Pressure on Airbnb to Delist West Bank Settlement Properties
In November 2018, Airbnb announced a new “framework for evaluating how [the company] should treat listings in occupied territories,” which it said would require removing rental properties in Israeli-controlled settlements in the West Bank. Airbnb said listings in East Jerusalem and the Golan Heights would not be affected by its new policy, though it did not explain its analysis for those areas. The company noted it had previously delisted properties in another contested region, Crimea, in accordance with international sanctions. Since then, Airbnb has said it also would consider applying its new framework to rentals in other disputed regions such as Western Sahara, and that it had done so for South Ossetia and Abkhazia. (Airbnb also faced criticism for preserving listings in Nagorno-Karabakh, Northern Cyprus, Tibet, and more.)
Airbnb’s decision to delist Israeli West Bank settlement properties had followed years of analysis and activism by international organizations related to the impact of business on human rights. The United Nations Special Rapporteur on human rights in the occupied Palestinian territories has long criticized businesses operating in and profiting from Israeli settlements, and the U.N. Human Rights Council recently produced a database of companies that “have, directly and indirectly, enabled, facilitated and profited from the construction and growth of the settlements.” The Council’s report noted that “violations of human rights associated with the settlements are pervasive and devastating, reaching every facet of Palestinian life.” Human Rights Watch (HRW), which takes no position on the boycott, divestment, and sanctions (BDS) movement, has conducted research that concludes that businesses cannot operate in West Bank settlements without contributing to human rights violations.
HRW was joined by Investor Alliance for Human Rights, Kerem Navot, and other groups in encouraging companies like Airbnb to withdraw from the settlements. A group of organizations called the Stolen Homes Coalition also campaigned for Airbnb to remove settlement properties from its platform. A crowdsourced petition gathered over 193,000 signatures demanding that Airbnb delist settlement properties, and the company faced protests at its Ireland headquarters and in other cities.

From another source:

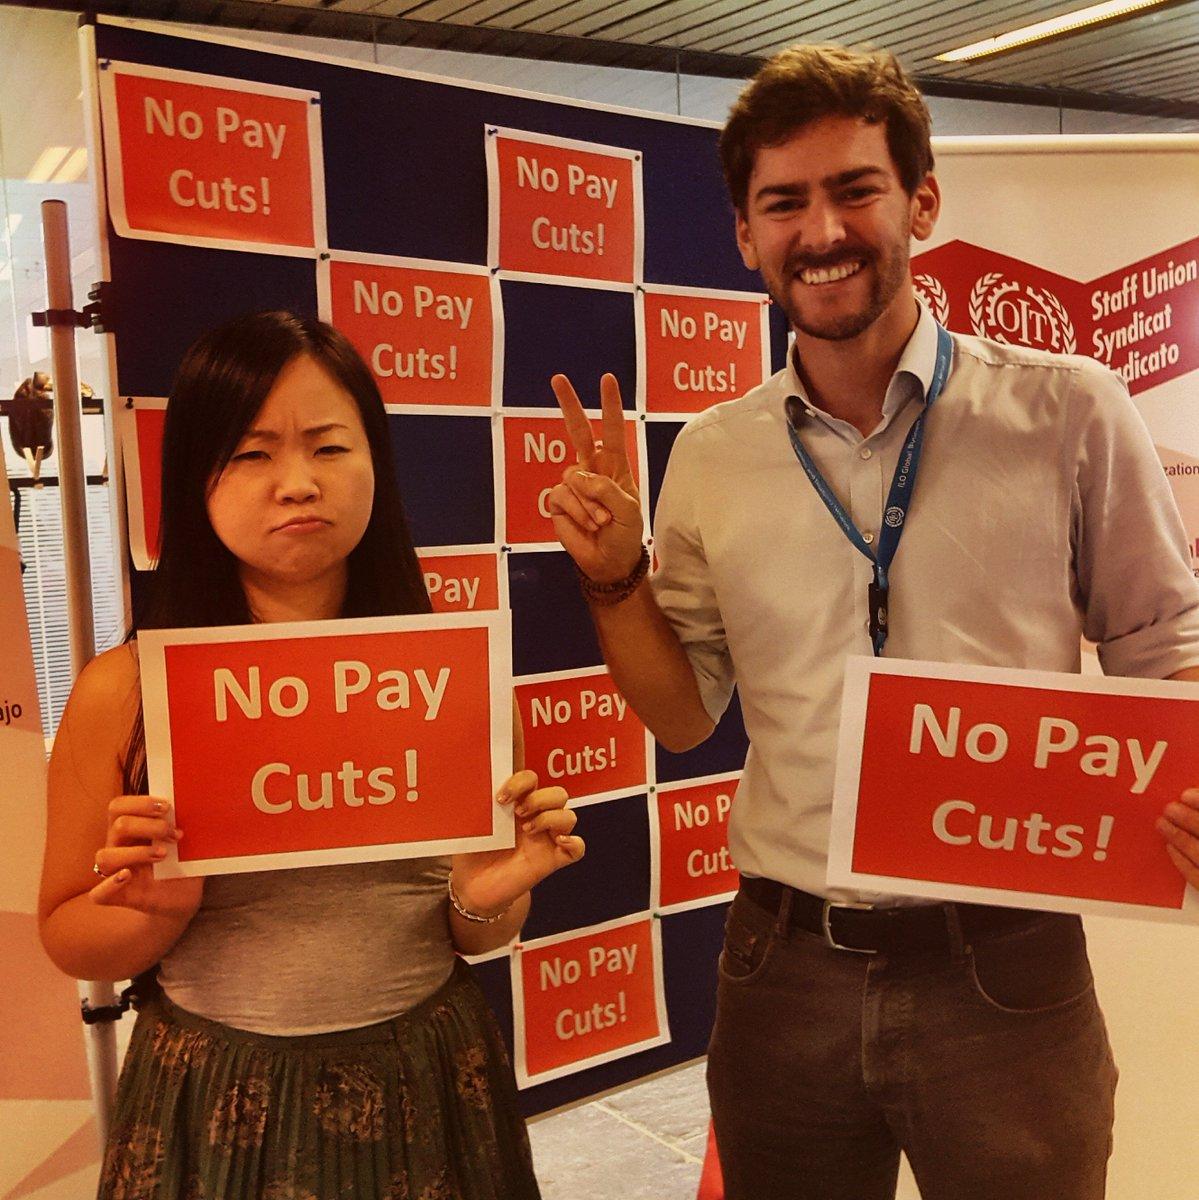 #NoUNPayCut ! Protect #workersrights @UN We need #dialogue &amp; #transparency @ILOUnionPres @FICSAHQ @UNGeneva<br>http://pic.twitter.com/MShvf3Ba3m

On the day before HRW released an exposé last November entitled Bed and Breakfast on Stolen Land, which criticized Airbnb and its competitor Booking.com for listing properties in the Israeli settlements, Airbnb announced its new disputed territories policy and its consequent decision to remove approximately 200 listings in West Bank settlements. Airbnb did not endorse the findings of HRW or other groups, although it said it had consulted “various experts” in developing its new framework and assessing settlement listings. The company emphasized that it was “not boycotting Israel” and would continue to operate in the country.
“Airbnb does not support the BDS movement, any boycott of Israel, or any boycott of Israeli companies,” the company said in the statement.
HRW published its report anyway, saying the settlements were “unlawful under international humanitarian law.” But it also praised Airbnb’s decision as “a positive step that other global tourism companies should follow.” In part due to his work in this effort, HRW Director for Israel and Palestine, Omar Shakir, has been ordered to depart Israel under a law barring foreigners who have advocated for boycotting Israel from entering the country. The Israeli court where Mr. Shakir and HRW challenged the decision to revoke his visa ruled that “Israel’s anti-boycott law does not distinguish between boycotts directed at Israel and those directed at only West Bank settlements.” according to HRW. Mr. Shakir’s deportation case was scheduled to be decided on July 25, but Israel’s Supreme Court announced the day before that it would delay the hearing until September to give the Israeli government time to address filings by Amnesty International and former Israeli envoys in support of Mr. Shakir’s appeal.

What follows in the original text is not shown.